## [What you have to do]
Please restate the listing word for word, omitting the images.

## [Data below]
■ ■ ■ ■

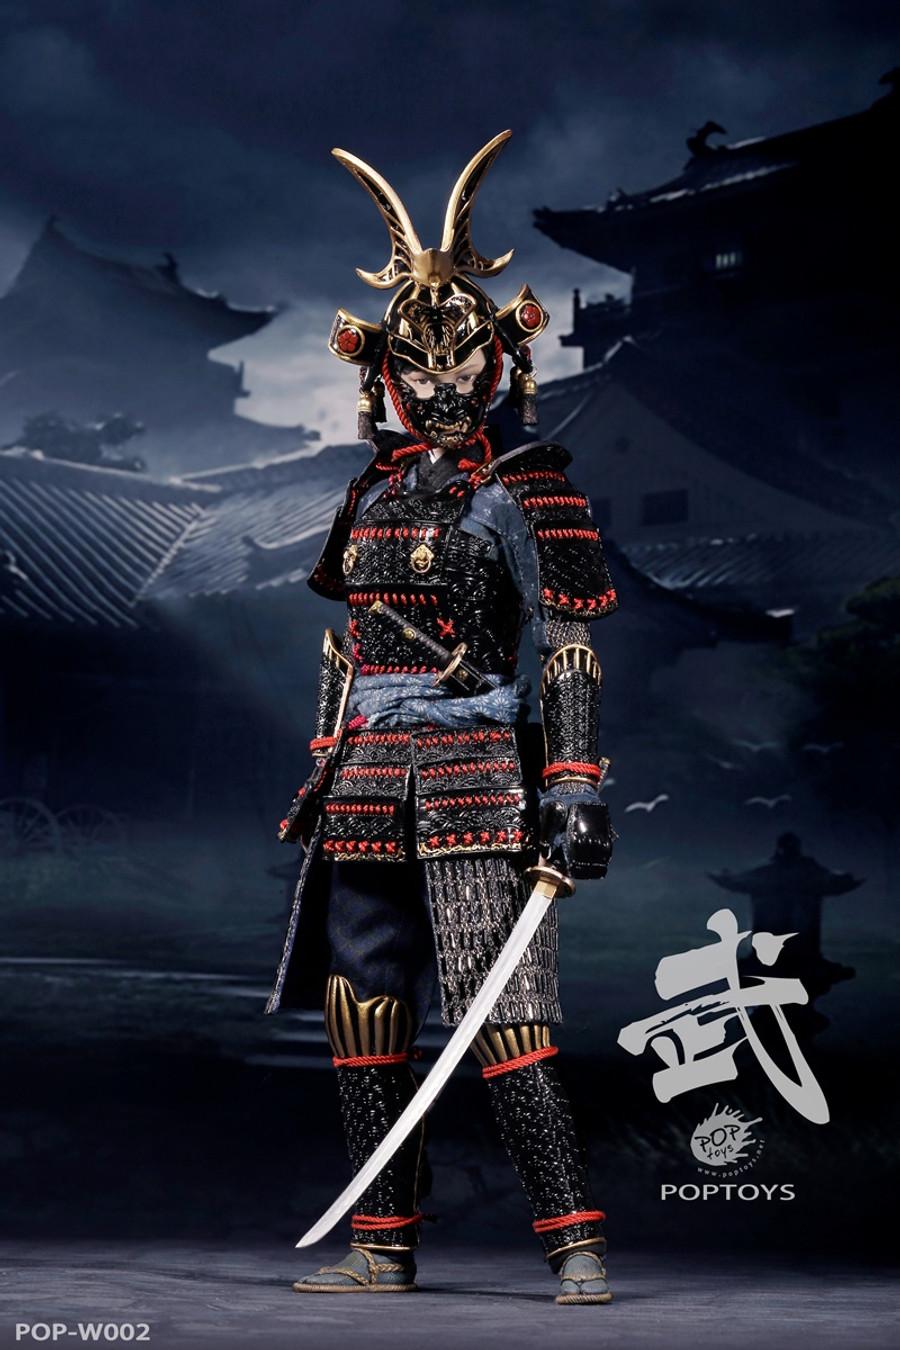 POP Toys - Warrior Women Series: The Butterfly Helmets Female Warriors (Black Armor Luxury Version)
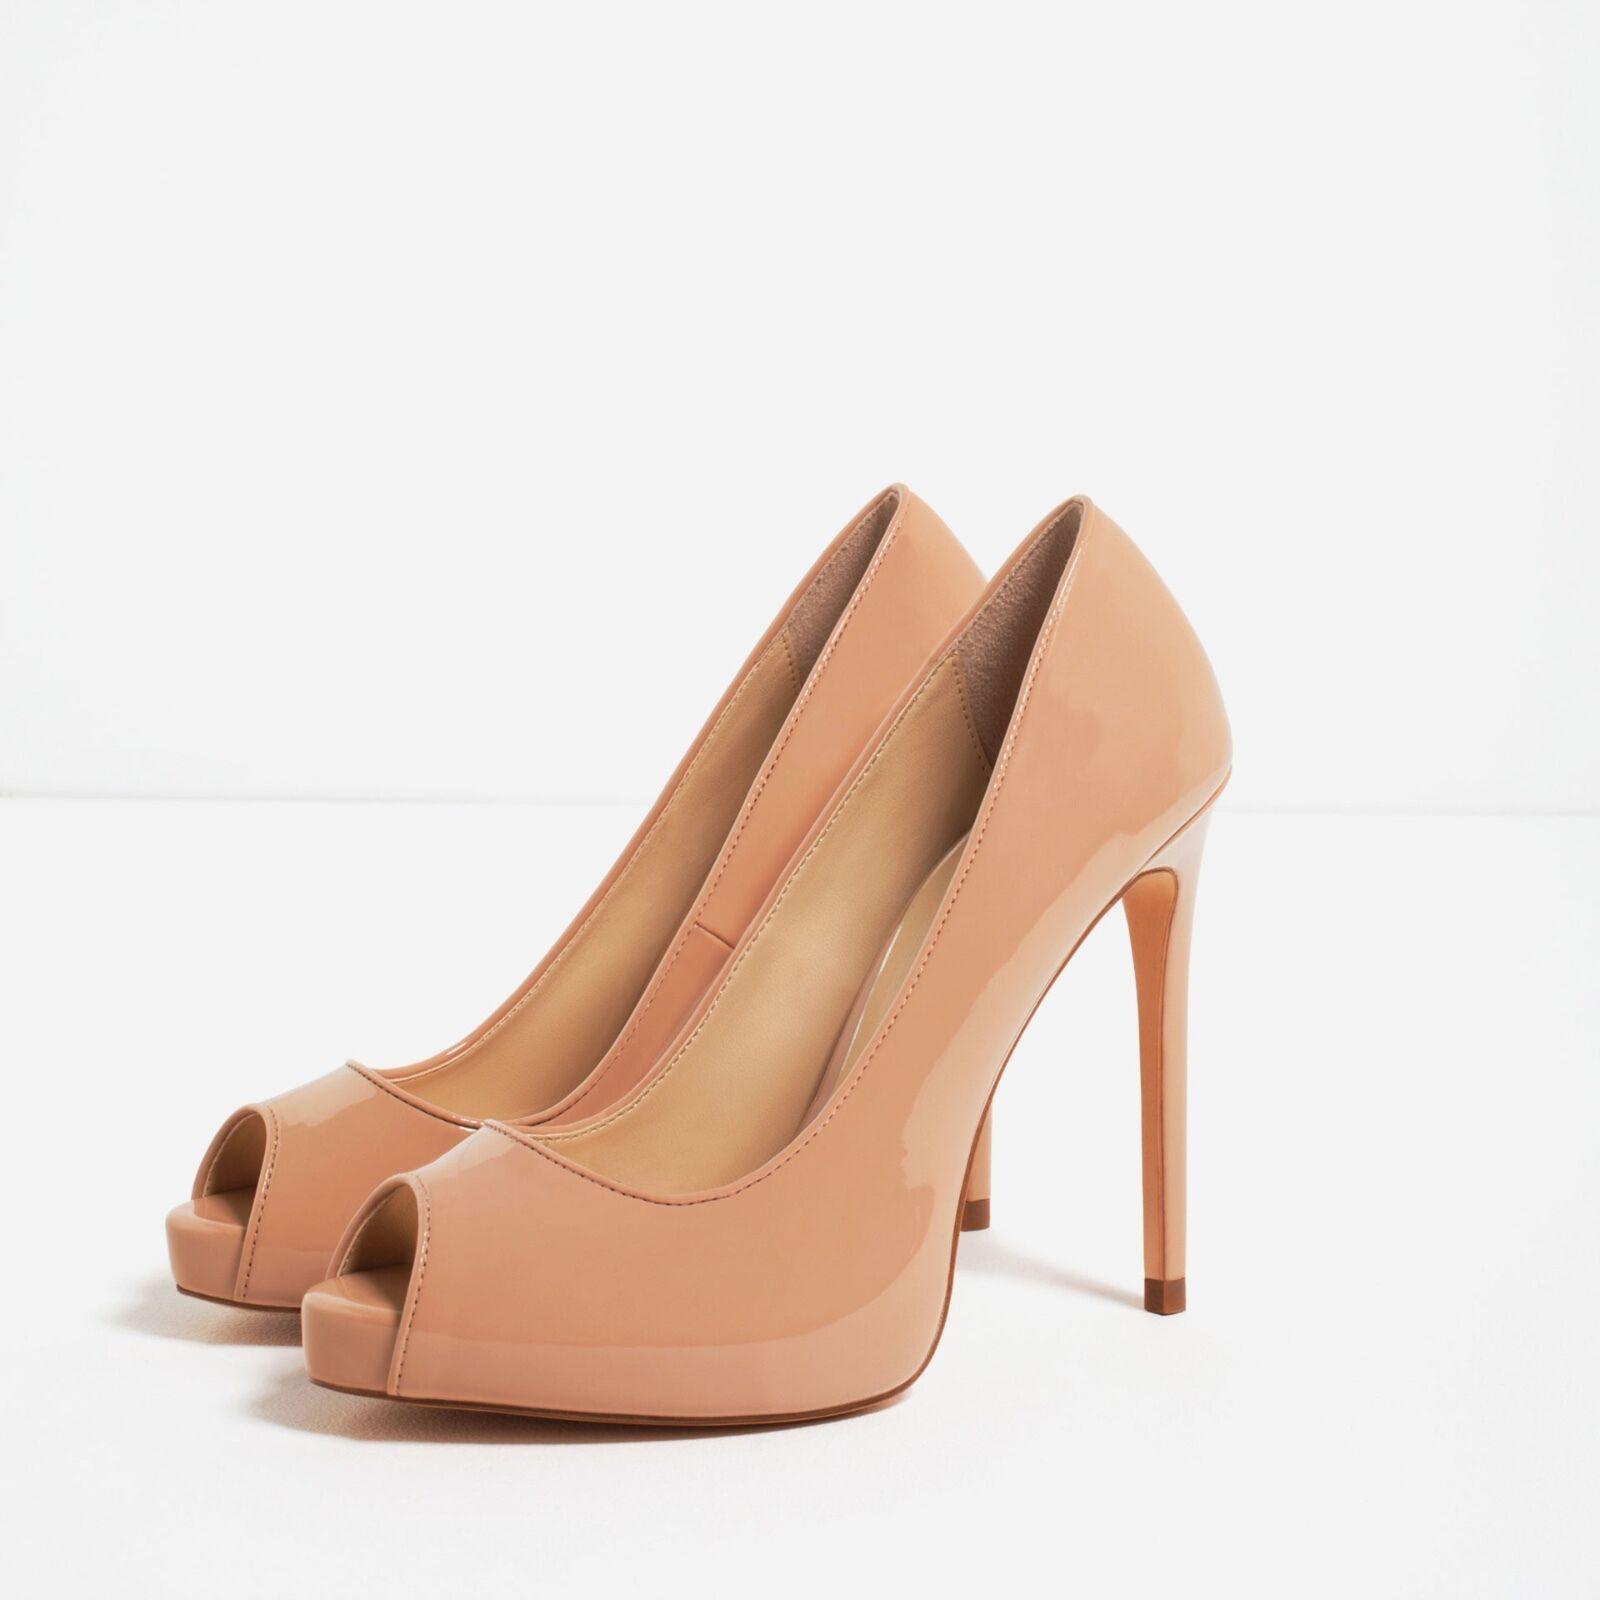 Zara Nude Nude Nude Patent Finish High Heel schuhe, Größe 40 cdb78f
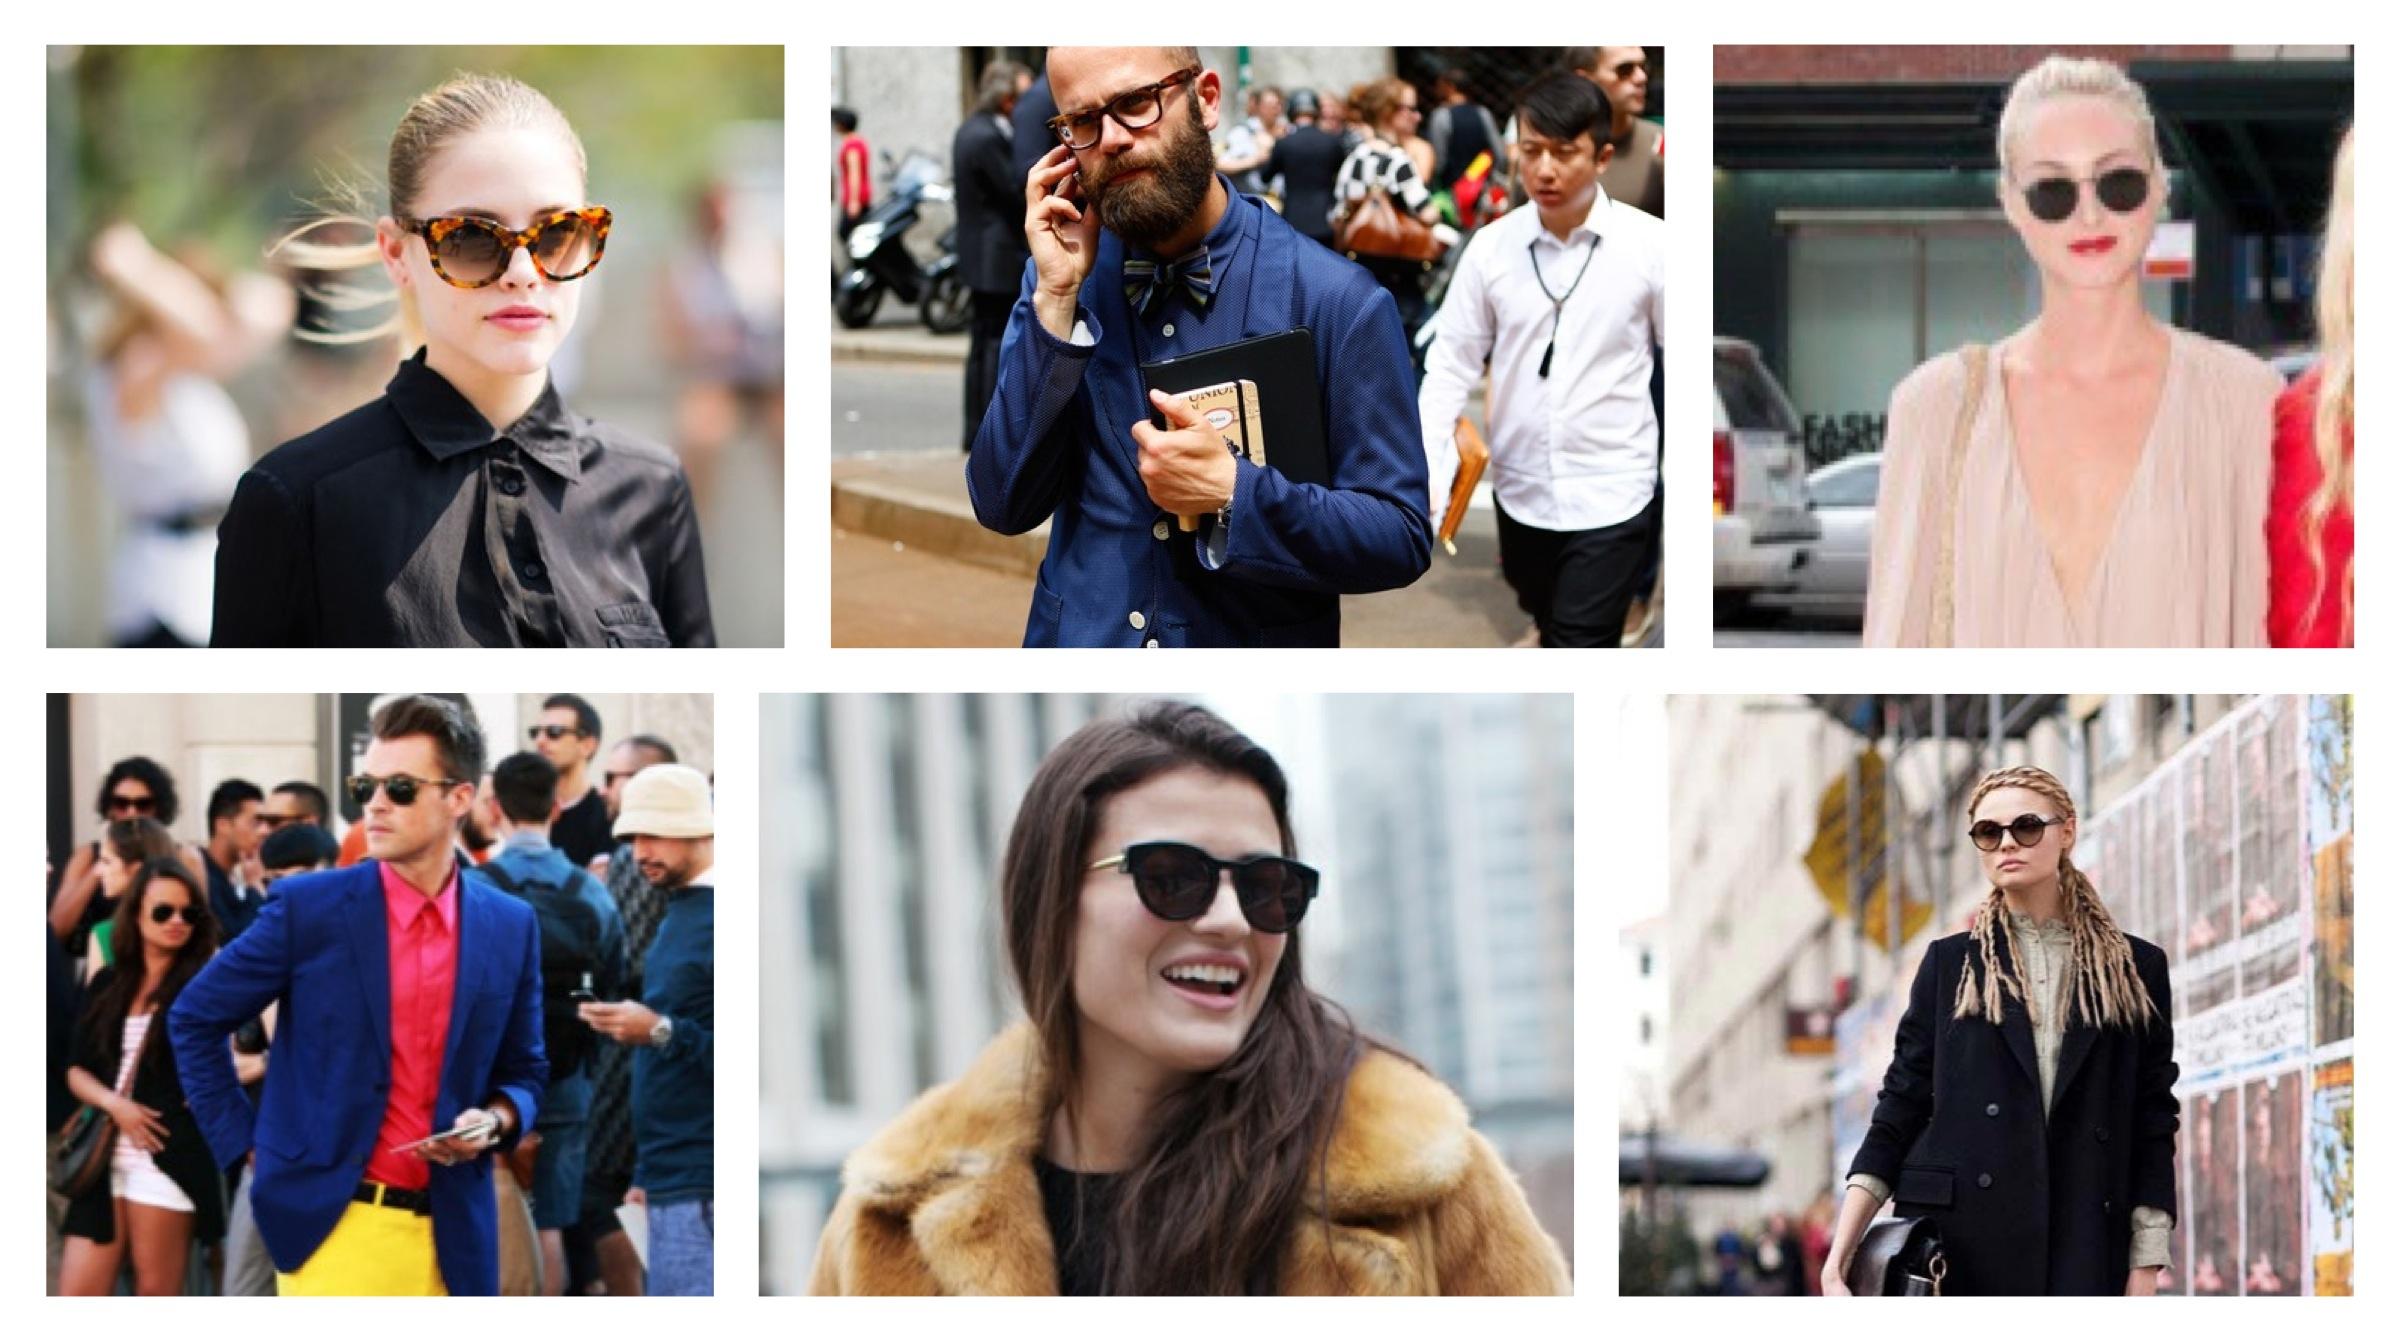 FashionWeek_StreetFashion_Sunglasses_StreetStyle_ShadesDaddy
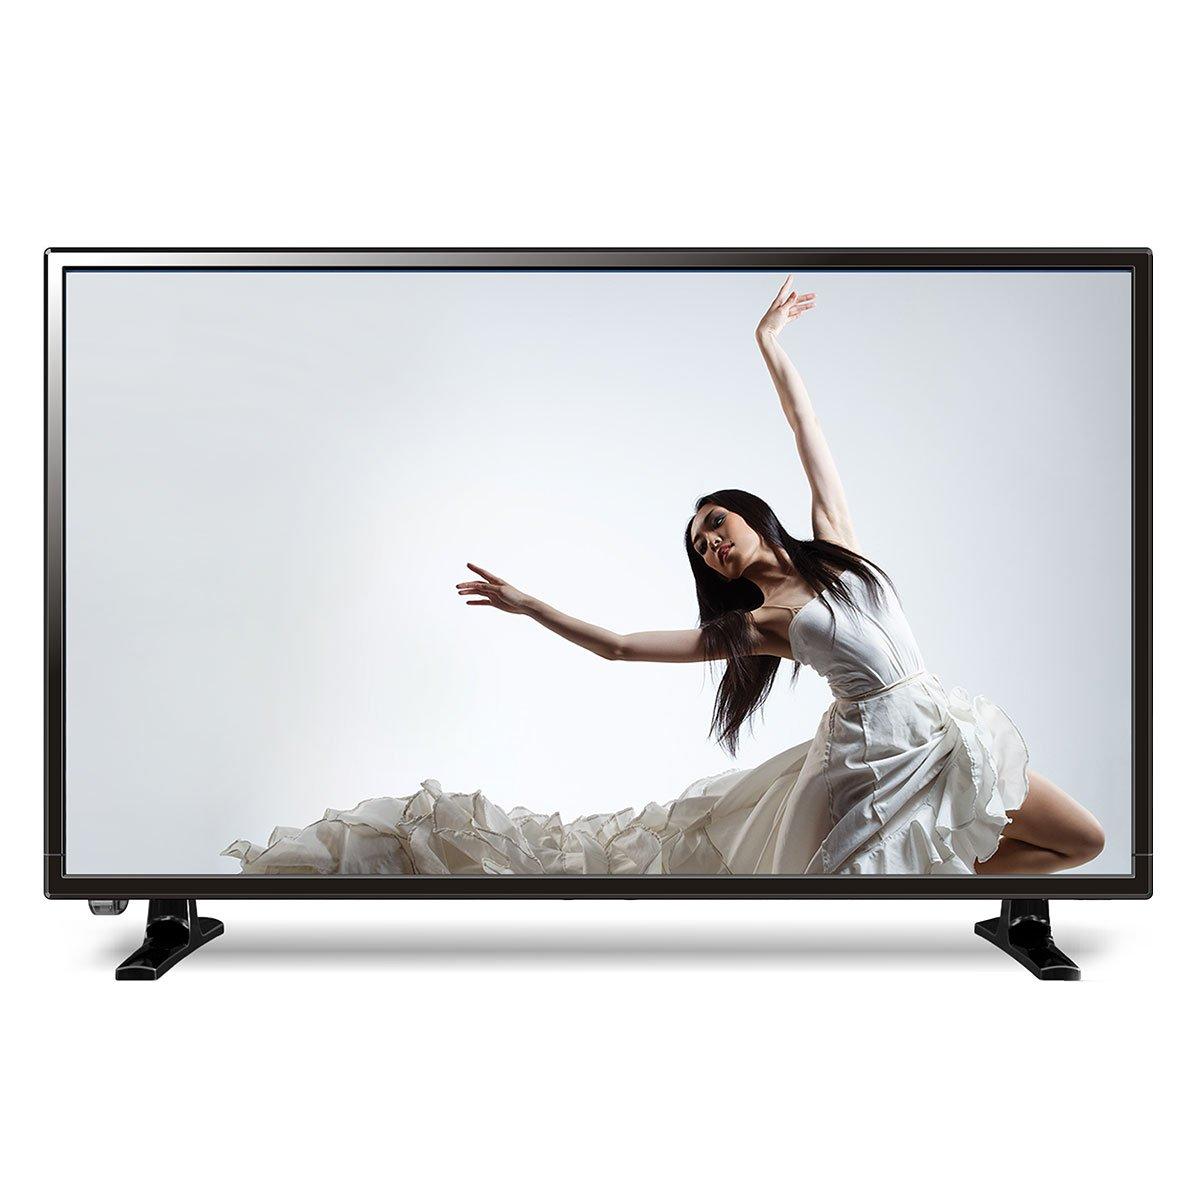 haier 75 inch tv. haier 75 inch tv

■ ■ ■ ■

## [Solution to this task]
 POP Toys - Warrior Women Series: The Butterfly Helmets Female Warriors (Black Armor Luxury Version)
 Zara Nude Nude Nude Patent Finish High Heel schuhe, Größe 40 cdb78f
 FashionWeek_StreetFashion_Sunglasses_StreetStyle_ShadesDaddy
 haier 75 inch tv. haier 75 inch tv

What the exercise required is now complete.